Speech Data Explorer#
Speech Data Explorer (SDE) is a Dash-based web application for interactive exploration and analysis of speech datasets.
global dataset statistics [alphabet, vocabulary, duration-based histograms, number of hours, number of utterances, etc.]
navigation across the dataset using an interactive datatable that supports sorting and filtering
inspection of individual utterances [plotting waveforms, spectrograms, custom attributes, and playing audio]

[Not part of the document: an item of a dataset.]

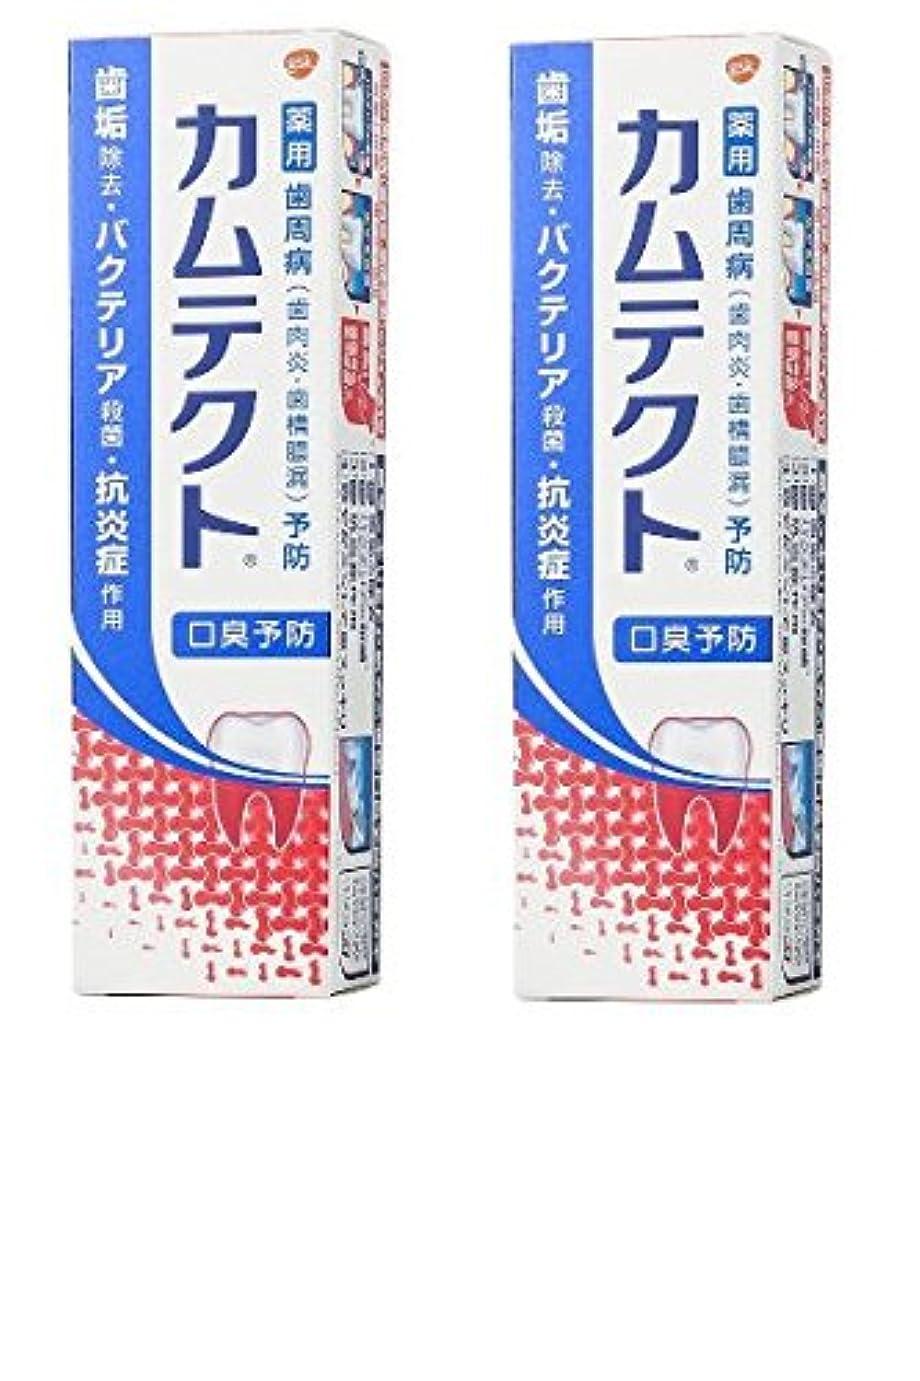 特権植物学リビジョン【まとめ買い】カムテクト 口臭予防 歯周病(歯肉炎?歯槽膿漏) 予防 歯みがき粉 105g × 2個

error analysis [word error rate (WER), character error rate (CER), word match rate (WMR), word accuracy, display highlighted the difference between the reference text and ASR model prediction]
estimation of audio signal parameters [peak level, frequency bandwidth]
SDE Demo Instance#
To demonstrate both the CTC-Segmentation and Speech Data Explorer tools, we re-segmenting the development set as of the LibriSpeech corpus. We concatenated all audio files from the dev-clean split into a single file and set up the CTC-Segmentation tool to cut the long audio file into original utterances. We used the CTC-based QuartzNet15x5Base-En ASR model. The segmented corpus has 3.82% WER and contains 300 out of the initial 323 minutes of audio. The remaining 23 minutes are the silence at the beginning and end of the audio removed during the segmentation. A running instance of the SDE demonstrates the re-segmented corpus.
SDE could be found in NeMo/tools/speech_data_explorer.
Please install the SDE requirements:
pip install -r tools/speech_data_explorer/requirements.txt
python tools/speech_data_explorer/data_explorer.py -h usage: data_explorer.py [-h] [--vocab VOCAB] [--port PORT] [--disable-caching-metrics] [--estimate-audio-metrics] [--debug] manifest Speech Data Explorer positional arguments: manifest path to JSON manifest file optional arguments: -h, --help show this help message and exit --vocab VOCAB optional vocabulary to highlight OOV words --port PORT serving port for establishing connection --disable-caching-metrics disable caching metrics for errors analysis --estimate-audio-metrics, -a estimate frequency bandwidth and signal level of audio recordings --debug, -d enable debug mode
SDE takes as an input a JSON manifest file (that describes speech datasets in NeMo). It should contain the following fields:
audio_filepath (path to audio file)
duration (duration of the audio file in seconds)
text (reference transcript)
SDE supports any extra custom fields in the JSON manifest. If the field is numeric, then SDE can visualize its distribution across utterances.
If the JSON manifest has attribute pred_text, SDE interprets it as a predicted ASR transcript and computes error analysis metrics.
The command line option
--estimate-audio-metrics allows SDE to estimate the signal’s peak level and frequency bandwidth for each utterance.
By default, SDE caches all computed metrics to a pickle file. The caching can be disabled with
SDE application has two pages:
Statistics (to display global statistics and aggregated error metrics)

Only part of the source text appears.